Higher revenues contribute to Perseus' record FY profit

31st August 2015 By: Esmarie Iannucci - Creamer Media Senior Deputy Editor: Australasia

PERTH (miningweekly.com) – Dual-listed gold miner Perseus Mining has reported record profits for the 2015 financial year, on the back of higher revenues and a foreign exchange gain of some A$52.4-million.

Net profit after tax increased to a record A$92.2-million for the year under review, a A$124.2-million, or 288%, increase on the 2014 financial results. Revenue for the full-year increased to A$333.5-million, compared with the A$264.2-million reported in 2014.

In the year under review, the Edikan gold mine produced 212 135 oz of gold, up 18% on the previous financial year, as Perseus reported a higher average headgrade, increased recoveries and a strong trend of improvement at nearly all aspects of the mine’s operations.

All-in site costs declined by 32% year-on-year to $877/oz, as a result of reduced mining and processing rates, more effective procurement practices, lower-than-forecast capital expenditure and strong gold production.

“Our team has worked very hard to improve the operating performance at our Edikan gold mine and this is reflected in the strong financial result published today,” said MD Jeff Quartermaine.

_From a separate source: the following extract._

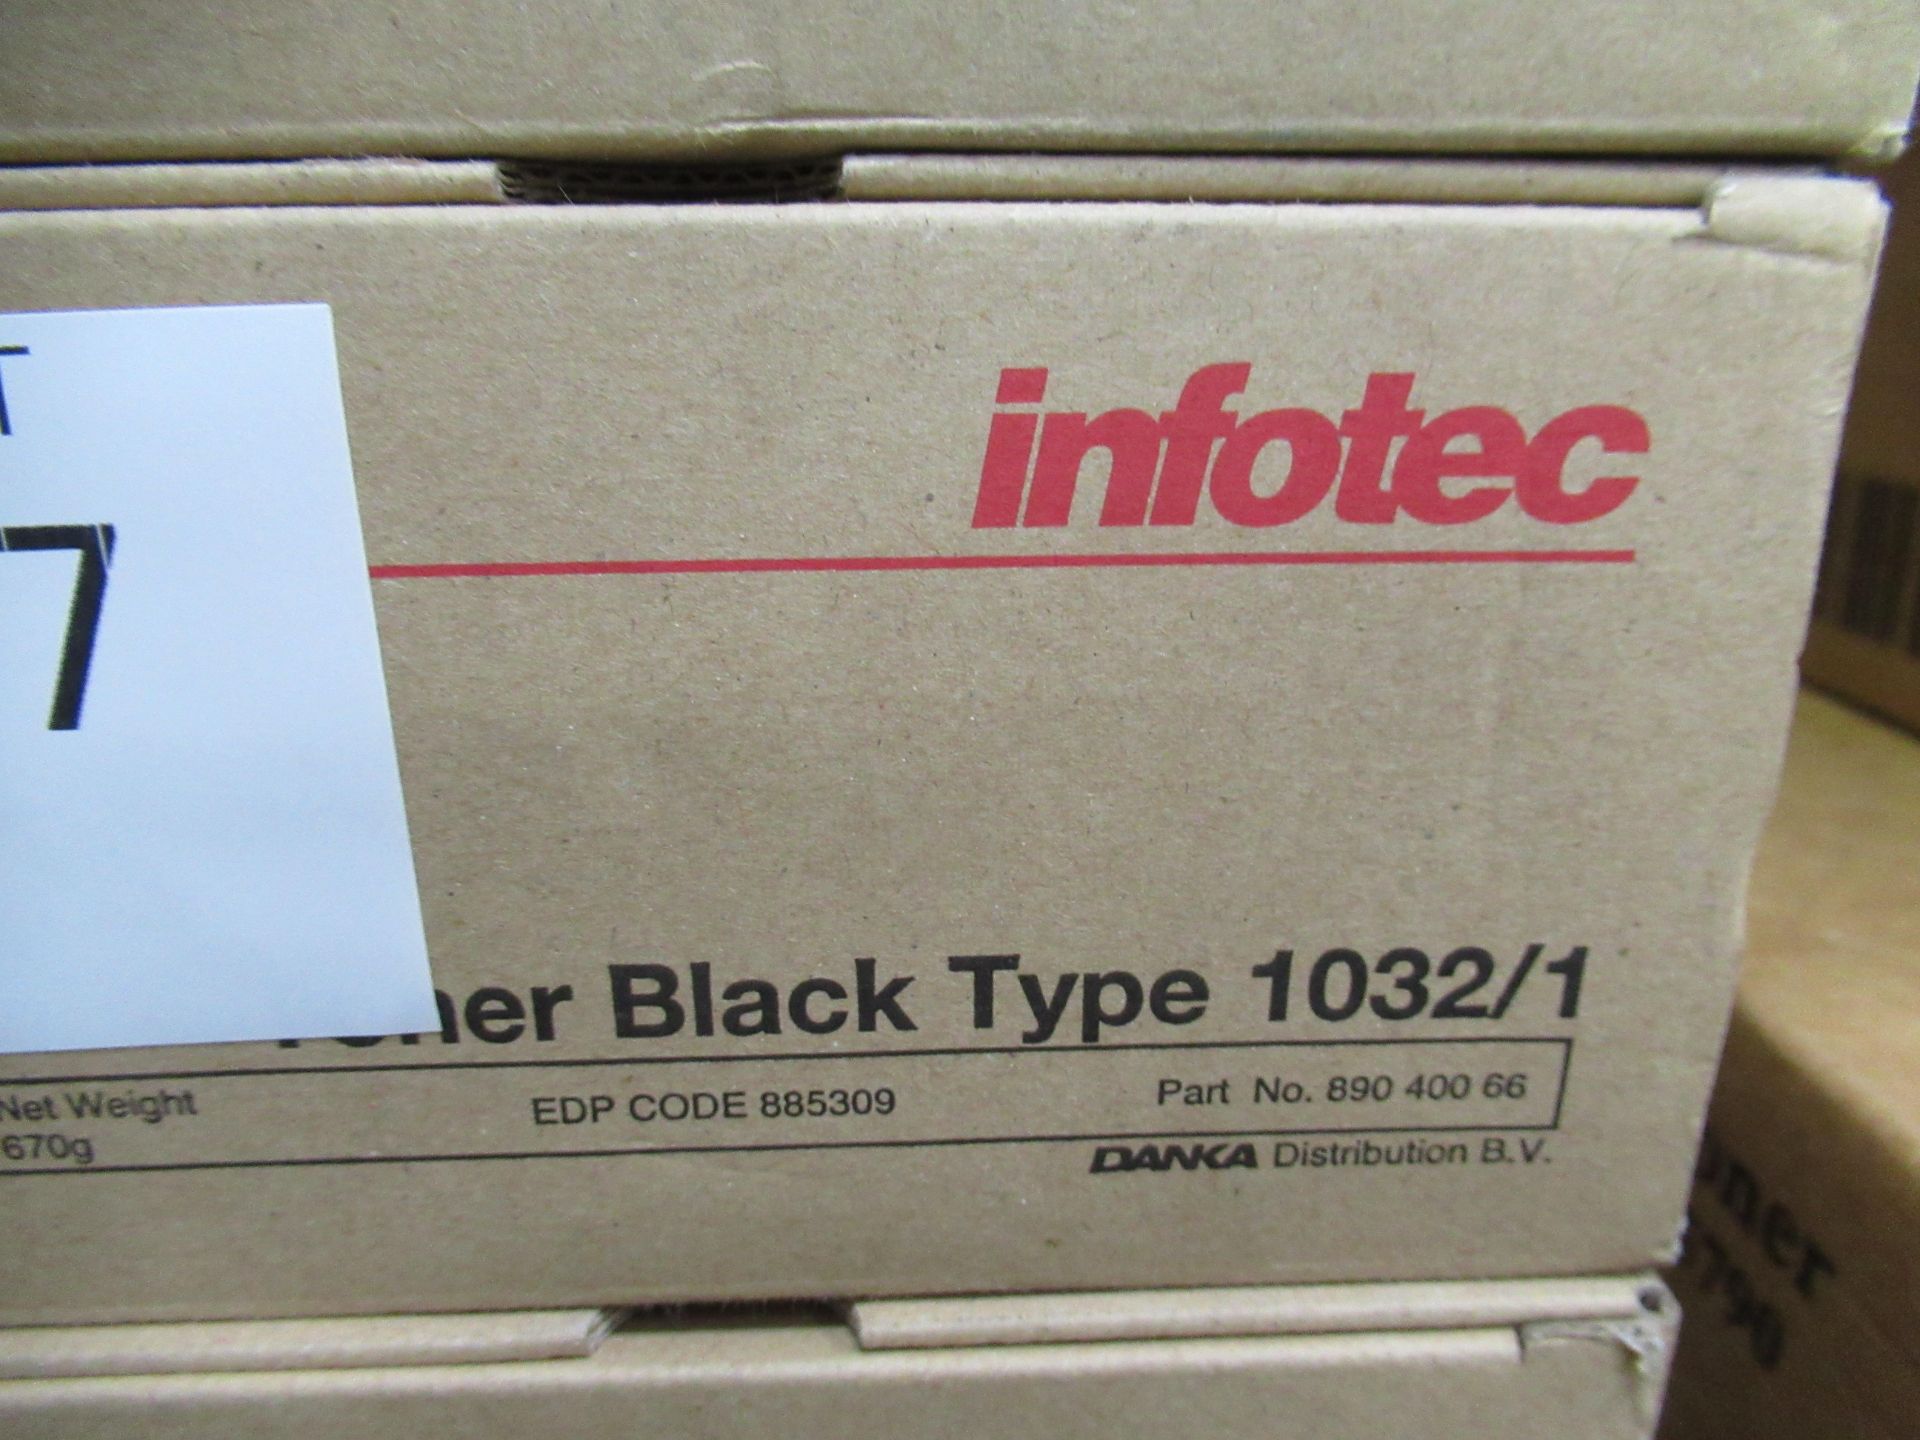 6x Infotec 1032/1 toner cartridges - Image 3 of 4

“Favourable foreign exchange movements have certainly improved the results in Australian dollar terms, but significant cost savings and productivity gains underpin the performance, as does a prudent approach to gold price risk management, which has delivered an average gold price of $1 324/oz, in a falling gold market.”

In the quarter ahead, Perseus’ focus would remain on fine-tuning plant performance at the Edikan mine, while the company would also look to finalise negotiations for a mining convention for its Sissingue project, in in Côte d’Ivoire.

The company was hoping to appoint a contractor to start early works at Sissingue and to appoint key members of staff needed for the development of operations at the mine.

A recent review of the 2010 feasibility study into the Sissingue project reduced capital costs from $115-million to $106-million, based on the delivery of an average 106 400 oz/y of gold over the six-year mine life, based on an initial probable reserve of 675 000 oz.